Threat Hunting with TLS/SSL Certificates

In this article, we’ll analyze how threat actors exploit TLS to hide their operations and how defenders can use exposed certificate metadata to detect them. We will discuss:

1. Why TLS certificate hunting matters
2. Which metadata fields remain visible
3. How Splunk can be used to identify suspicious TLS activity
4. Queries to enhance threat detection
5. Next steps for integrating TLS analysis into security operations. 

Let’s get started!

(This article is part of our Threat Hunting with Splunk series. We’ve updated it recently to maximize your value.)

The importance of hunting in TLS certificates

First things first: this discussion will not delve into the cryptographic intricacies of TLS and SSL. Instead, it’s important to note that TLS (Transport Layer Security) is the modern, more secure successor to SSL (Secure Sockets Layer). For simplicity, the terms "SSL" and "TLS" will be used interchangeably throughout this article.

TLS has become today’s standard for secure online communications, offering stronger encryption and enhanced security protocols. However, attackers can exploit TLS to conceal their malicious activities. While TLS effectively encrypts the content of communications, it does not entirely obscure metadata, such as the identities of the communicating parties.

As cyber threats evolve, attackers have adapted to advances in security. A decade ago, malware command-and-control (C2) traffic often relied on plaintext HTTP, making it straightforward for security teams to intercept and analyze. Today, attackers leverage TLS encryption to mask their traffic, complicating efforts to monitor and detect their activities.

Despite these challenges, defenders are not without options. After all, we know that attackers are creatures of habit, they reuse infrastructure and leave data behind that defenders can use to trace their actions back to them. By identifying these clues, security teams can uncover malicious activity and link it back to its source.

(Note: This article assumes that you have already captured TLS metadata in Splunk.
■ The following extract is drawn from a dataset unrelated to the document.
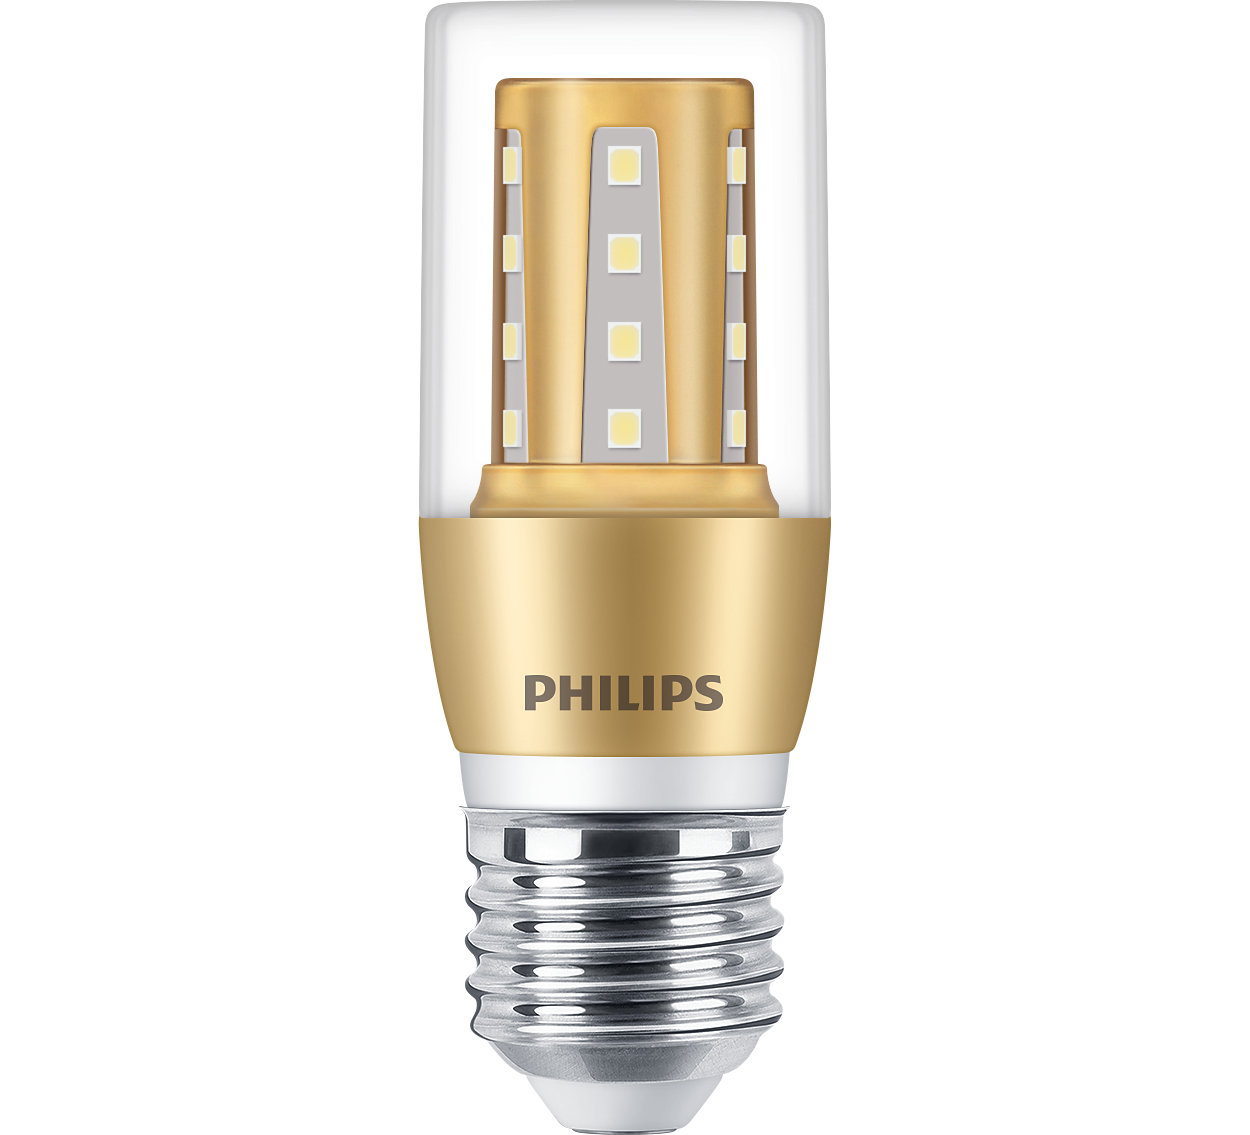 透明 LED 烛泡为您的家居增添闪亮光彩

If not, implementing metadata collection will need to be done before diving into these hunting techniques.)

What unencrypted information does SSL leave?

TLS certificates are like digital ID cards for websites and services, proving their authenticity while enabling encrypted information. But here’s the catch — while the actual communication is encrypted, the certificate itself contains unencrypted metadata that attackers can’t hide. Defenders like you can use this metadata to identify and track suspicious activity.
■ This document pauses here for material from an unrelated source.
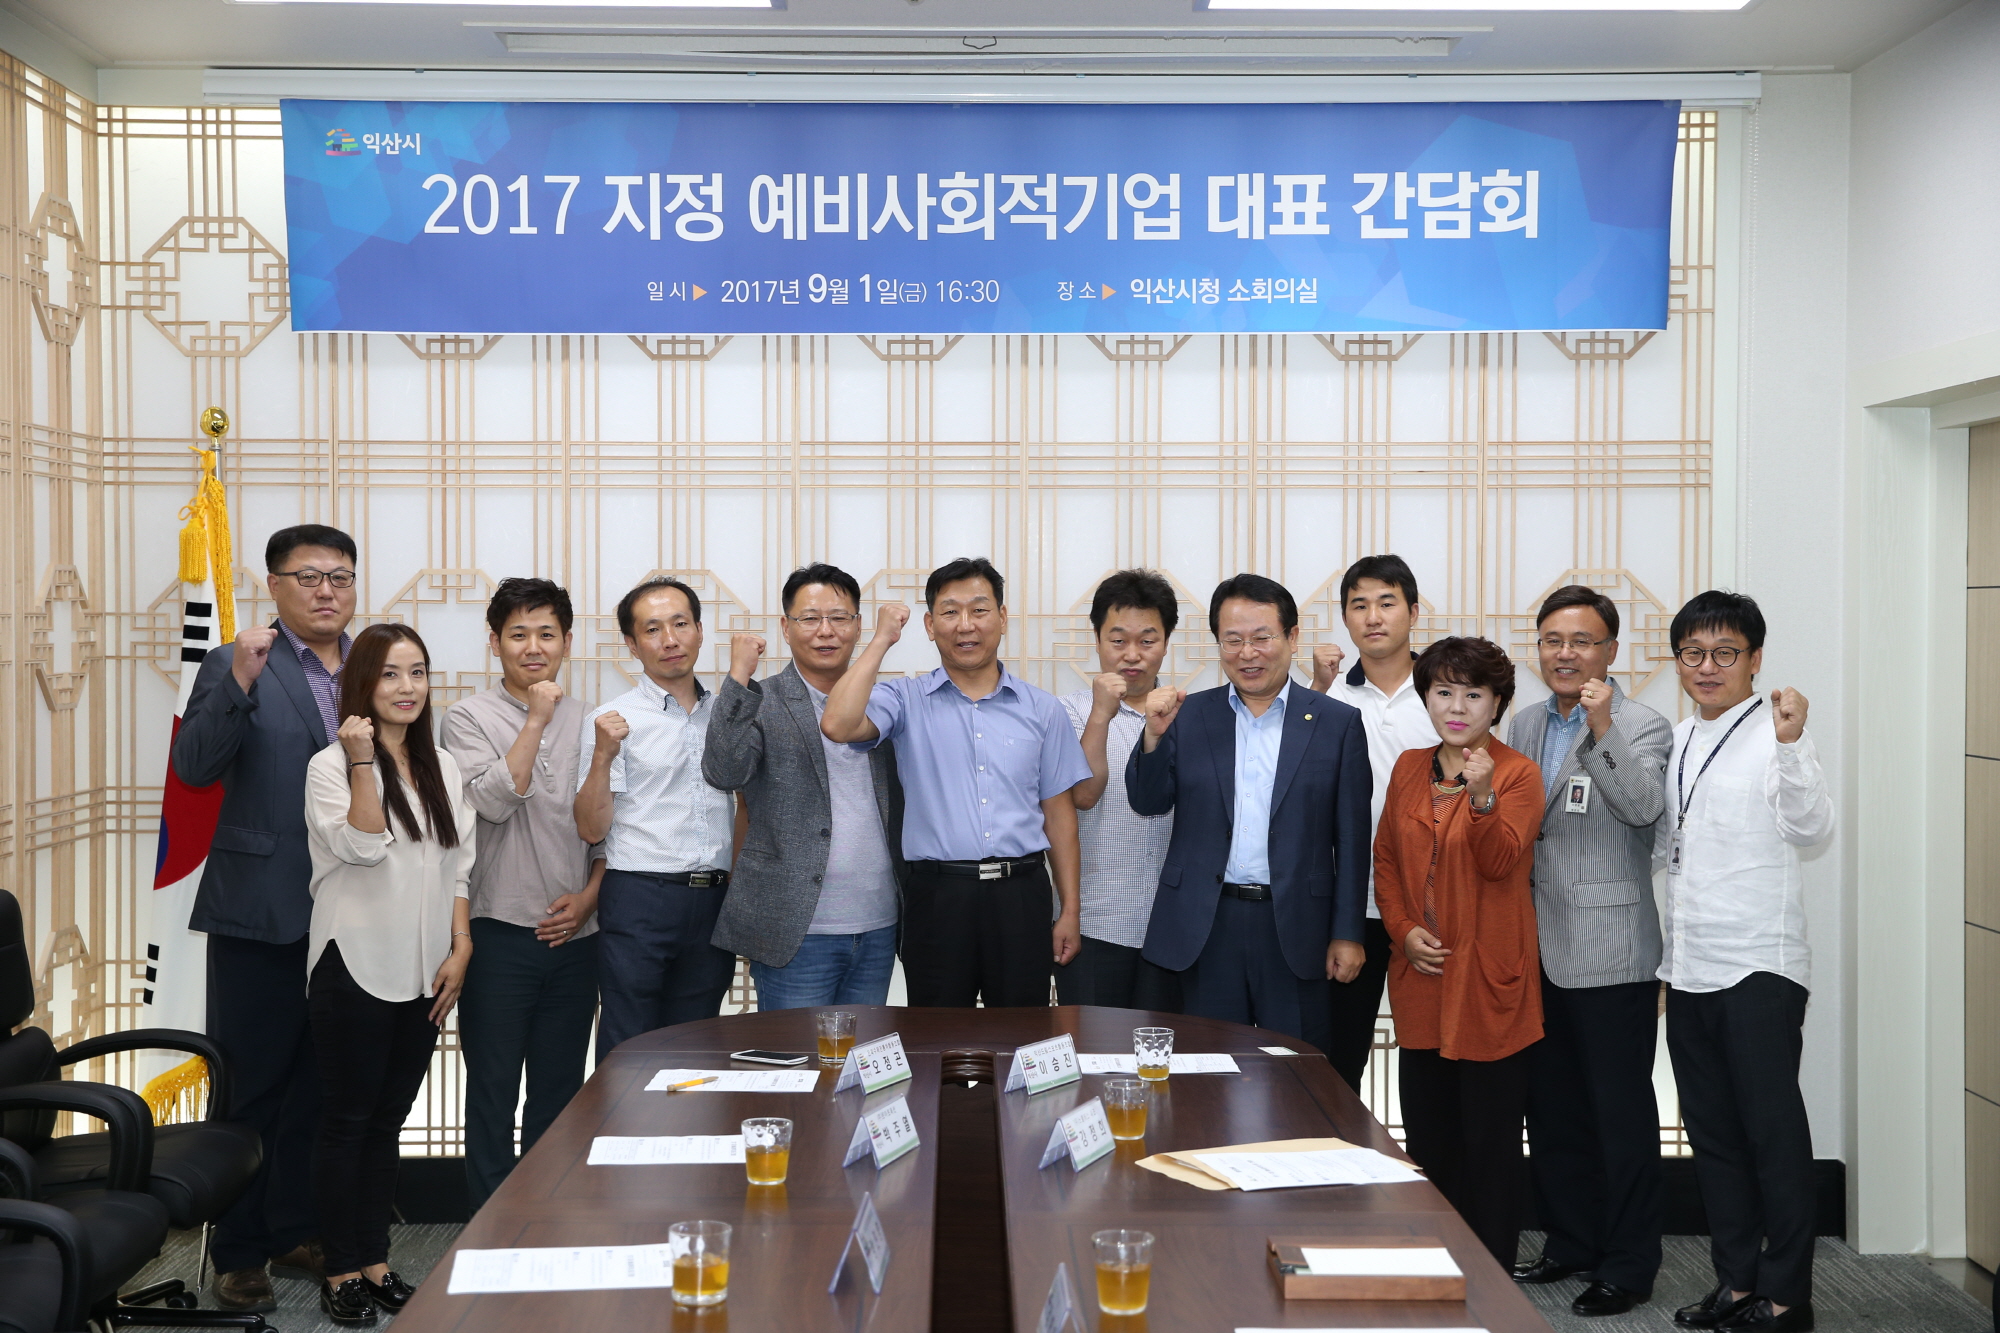 9월6일 2017년 신규 지정 예비사회적기업 대표와의 간담회 개최

The fields within a TLS certificate are generated either by cryptographic algorithms or manually entered during the creation of the certificate.

How does this help defenders? Because these fields can be unique and are often shared by adversaries across their backend infrastructure. So… what are some unique fields? The ones that we are primarily interested in are:

• ssl_cert_self_signed
• ssl_subject_country
• ssl_subject_state
• ssl_issuer
• ssl_subject_locality
• ssl_subject_unit
• ssl_subject_organization
• ssl_validity_end
• ssl_subject_common_name
• ssl_serialnumber
• ssl_cert_sha1

These fields can help security teams detect anomalies, track threat actors, and distinguish legitimate infrastructure from adversarial activity.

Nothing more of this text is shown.